O D66 quer vacinar crianças de 5 a 11 anos rapidamente, e a maioria dos pais não gosta disso

O membro do Parlamento D66, Jan Paternott, quer que os pais expliquem as vacinas contra o coronavírus para crianças de 5 a 11 anos. Mas apenas 3 em cada 10 pais de crianças na escola primária estão abertos a isso, de acordo com uma pesquisa da EenVandaag.

A aprovação europeia para a vacina Pfizer é esperada na quinta-feira, de acordo com Paternott. “Se for seguro e eficaz, dê aos pais a liberdade de escolher a vacina. Porque, embora a chance de as crianças ficarem gravemente doentes por causa da corona ser pequena, é e ainda é um vírus nocivo.”

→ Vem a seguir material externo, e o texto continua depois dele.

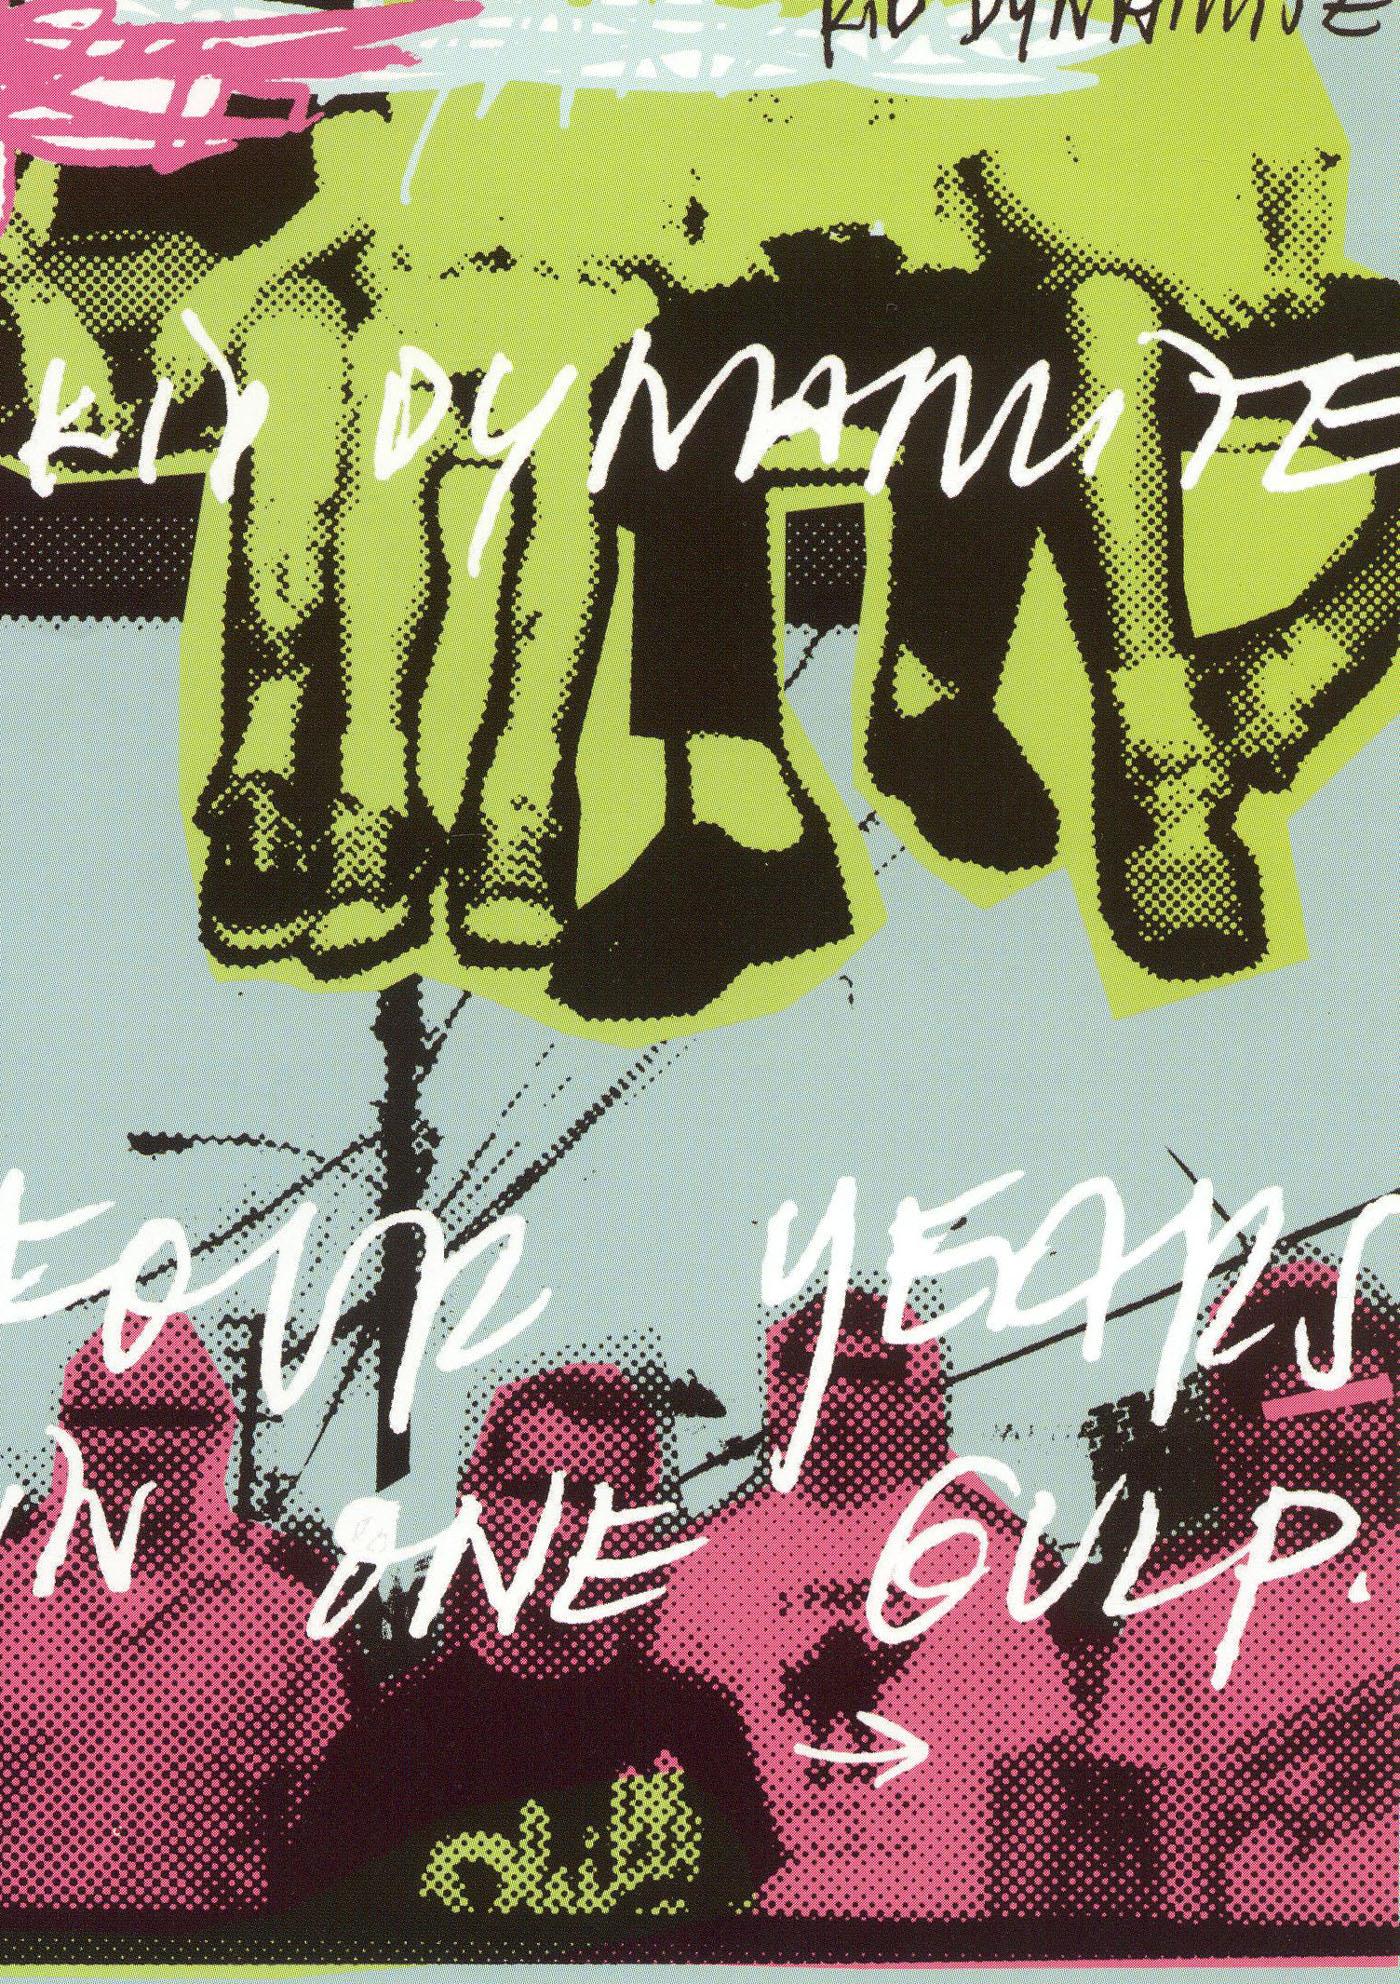 Kid Dynamite: Four Years in One Gulp

“A educação pode continuar depois disso”

“O vírus está enlouquecendo nas escolas primárias”, diz Paternott. “Como resultado, turmas ou escolas inteiras ficam constantemente em casa. Isso é muito menos nas escolas secundárias, também porque muitos alunos são vacinados lá”.

Assim, a falta de corona nas escolas primárias também terá uma vantagem adicional: a educação pode continuar. Isso é importante e bom para as crianças. “

Ouça aqui Jan Paternotte do D66 e o ​​comentarista político Joost Vullings novamente em EenVandaag na NPO Radio 1

um pouco de entusiasmo

Com mais de 20.000 casos de corona entre crianças de 5 a 15 anos, o debate sobre a vacinação dos mais jovens também está em alta na Holanda. Na Holanda, qualquer pessoa com menos de 12 anos pode receber a vacina contra a corona, mas ainda não é possível obter uma injeção para crianças mais novas. Em alguns outros países, como Áustria, Israel e Estados Unidos, isso já é possível.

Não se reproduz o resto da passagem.